Playing water polo for Stanford University is not an easy task. Besides spending hours in the water wrestling with other strong women, then watching videos of our mistakes and other teams' successes which is both mentally and physically exhausting, we spend a lot of time in the weight room. Though weight training may not come as a surprise to anyone who understands its amazing benefits, it is difficult to deal with the affects it has on the female body.
During my college career I have listened to numerous athletes, not just water polo players, complain about their body image. No, they didn't think they were too heavy nor did they just want to lose a few pounds. These athletes were upset about their muscular and "butch" bodies. I cannot count the number of times I heard someone say, "I can't wait until I'm done playing so I don't have to look like a man anymore." This always shocked me.
Growing up, I was much taller and heavier than most girls my age. My parents always told me I would become a strong and tall woman, but I didn't care, I just wanted to look like everyone else. Eventually, when I began to play water polo and lift weights, my body shape changed and I began to replace some of that fat with muscle. However, I still always felt like a heavy kid at heart.

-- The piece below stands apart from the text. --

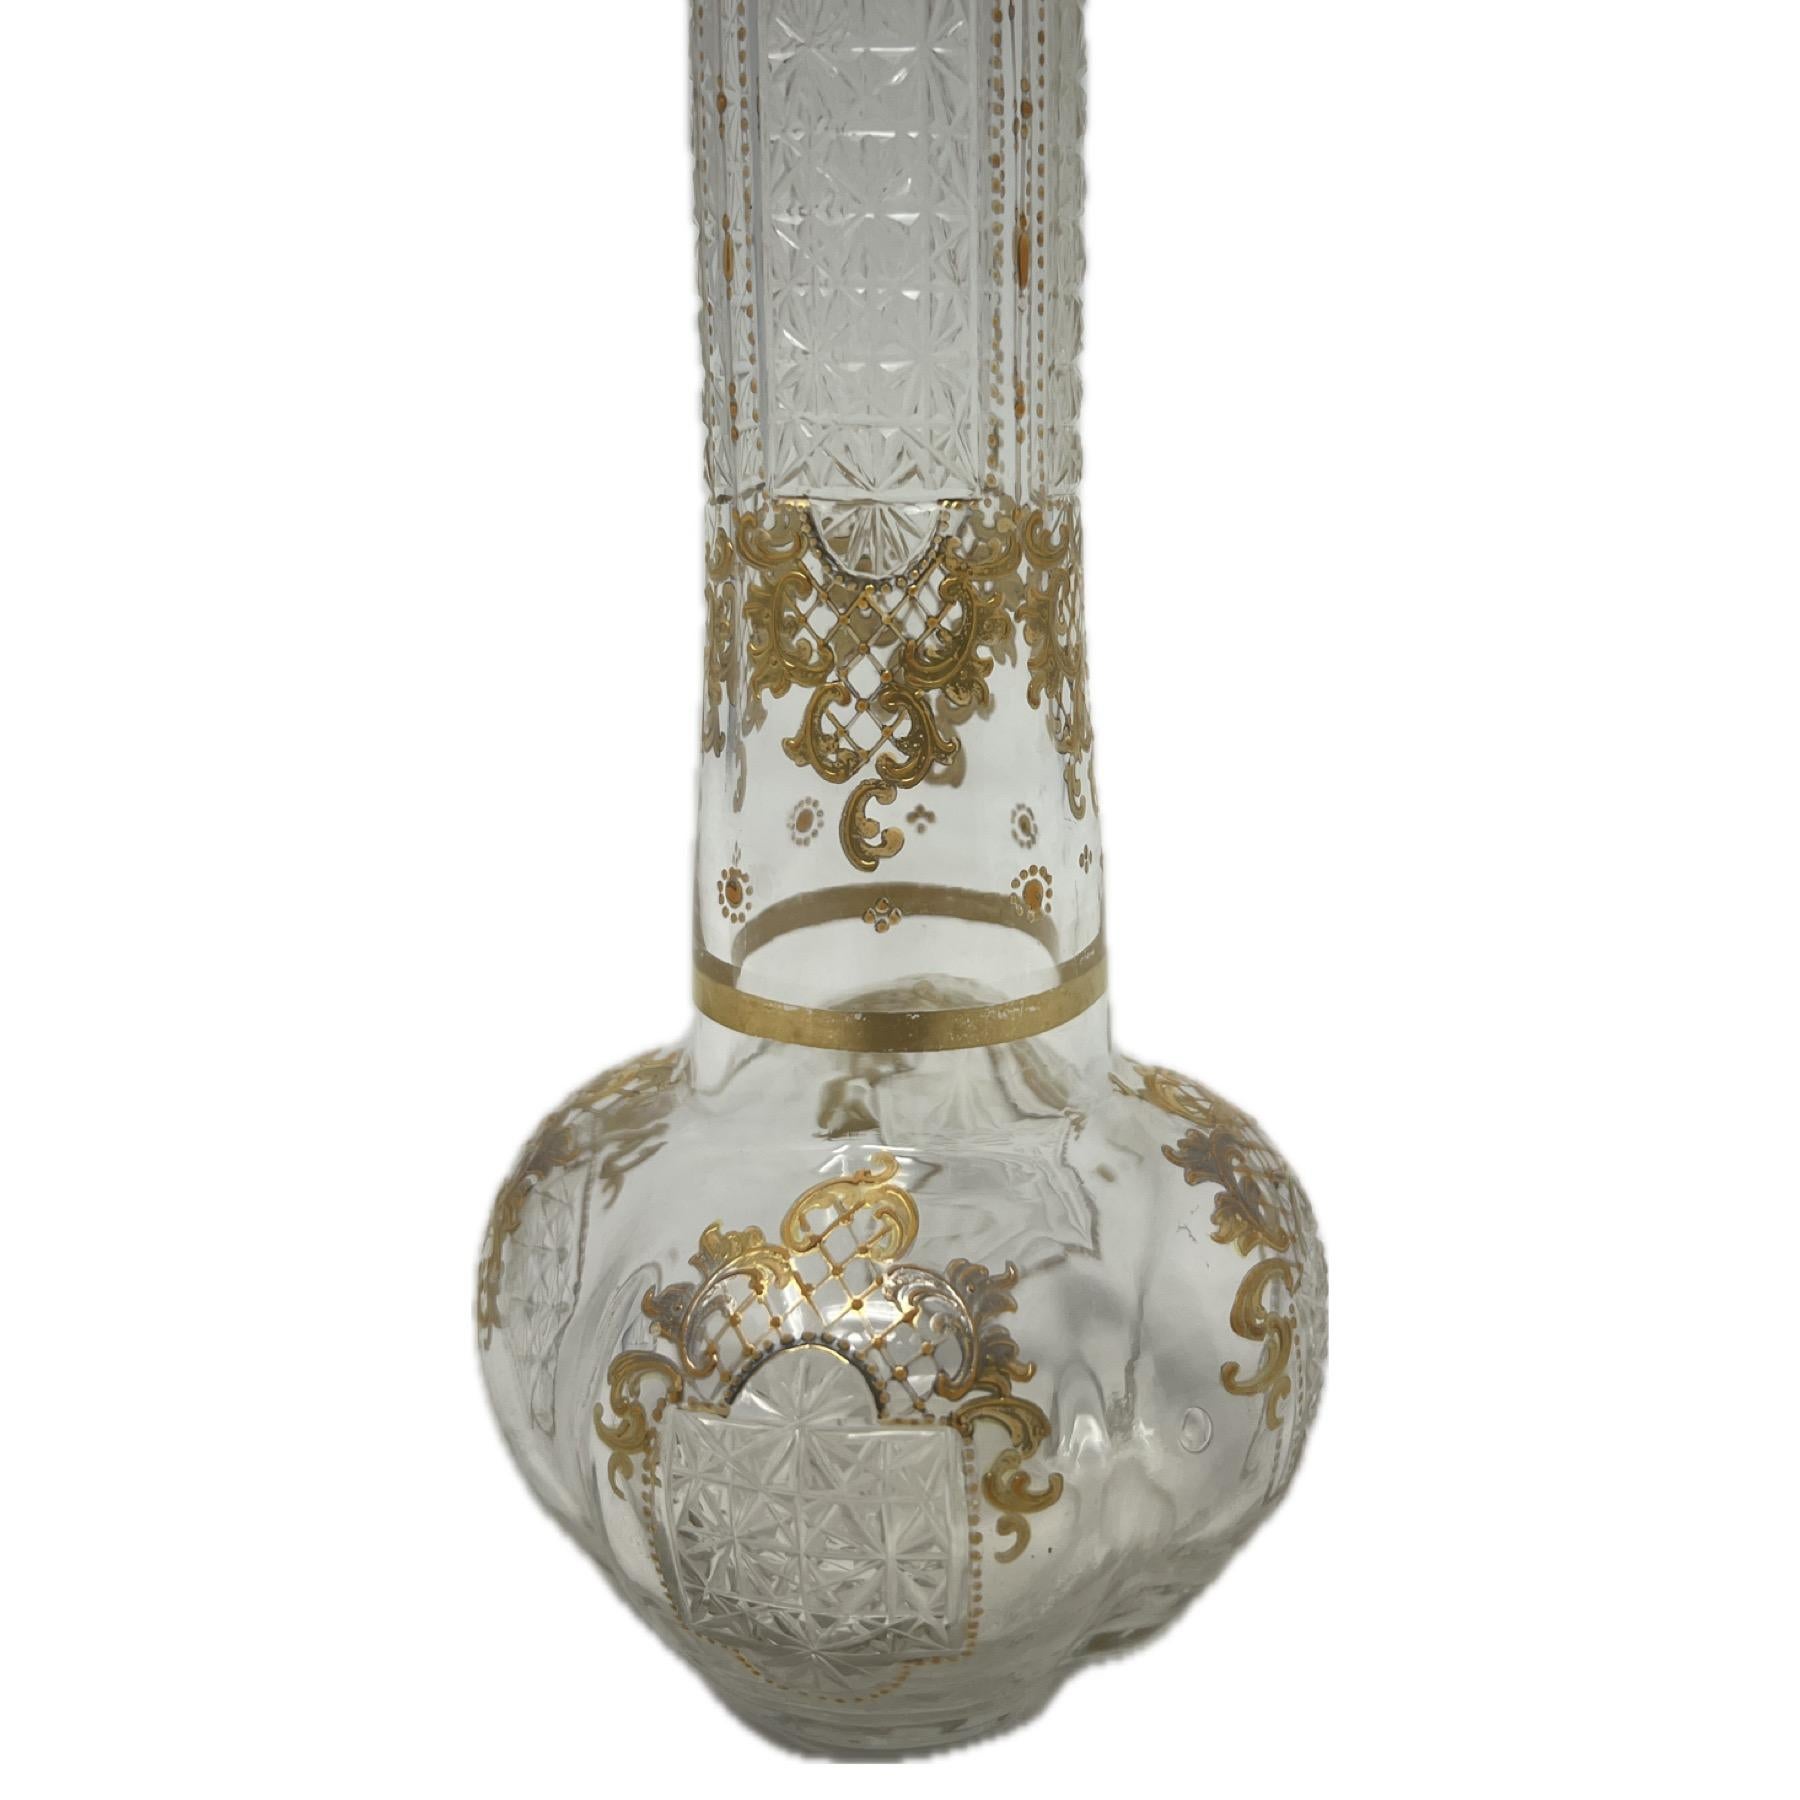 Antique German Moser Cut Glass Bud Vase with Gold Leaf Details, Circa 1880's. For Sale 1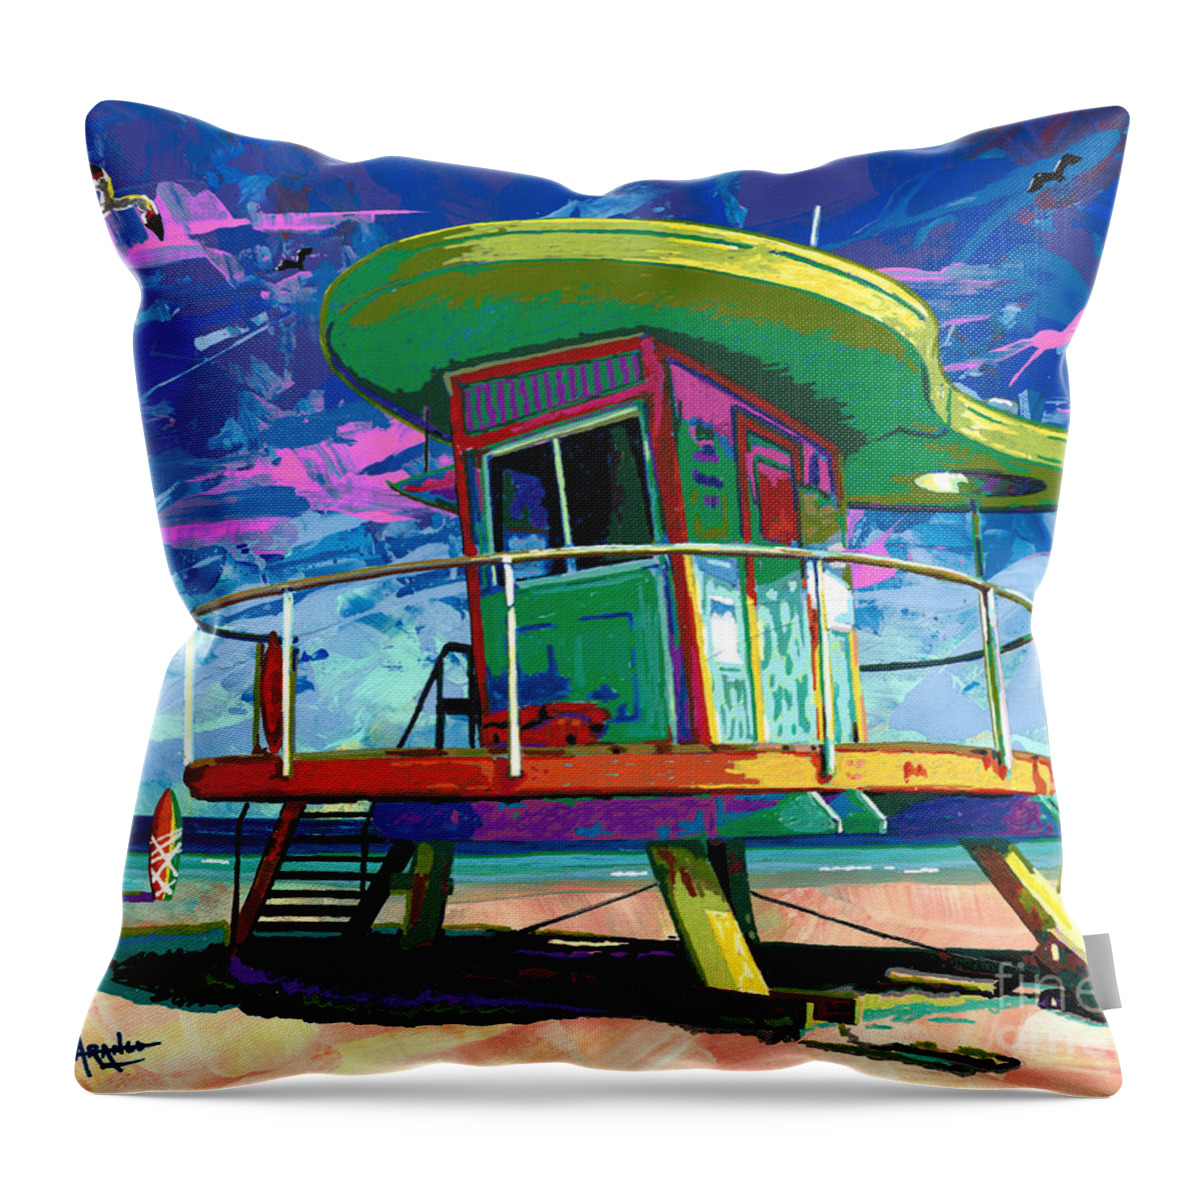 Lifeguard Throw Pillow featuring the painting Miami Beach Lifeguard Tower by Maria Arango

I looked at myself in the mirror and instead of seeing my toned body, I just saw a big girl.
Even throughout my first two years at college I was reluctant to flirt with guys and automatically put myself in the "friend zone" because I thought guys would never want to go out with a big girl like me. Yet as I heard more and more of my fellow athletes complain about their muscular bodies, I began to embrace mine. I thought of all of the benefits my height and strength gave me. Because of my size I have a presence when I walk into a room, I look good in clothes that fit my athletic body, and most importantly, my size allows me to out-muscle girls in my sport.
Contrary to what I thought, my size and strength are attractive to men. Women like me are especially attractive to men who understand what it means to be an athlete and live an active lifestyle. As I prepare to graduate, I continue to surround myself with people who share the same love for living active lifestyles. I definitely couldn't do it all on my own.
So now that I have come to love my body for the bigger, more muscular, athletic body that it is, I hope to inspire other women to do the same. No matter how big or small, muscular or thin we are, we must learn to love what we look like right here and now. When I hear another athlete talk about her thunder thighs, I tell her how good I think she looks. With affirmation and support, we can make other women around us continue to fall back in love with the athletic lifestyle.
More importantly, if we continue to look in the mirror and see ourselves for the beautiful, athletic, and healthy women that we really are, we will encourage others to do the same. So no, playing water polo and living an active lifestyle are not always easy, but they are most definitely worth the effort.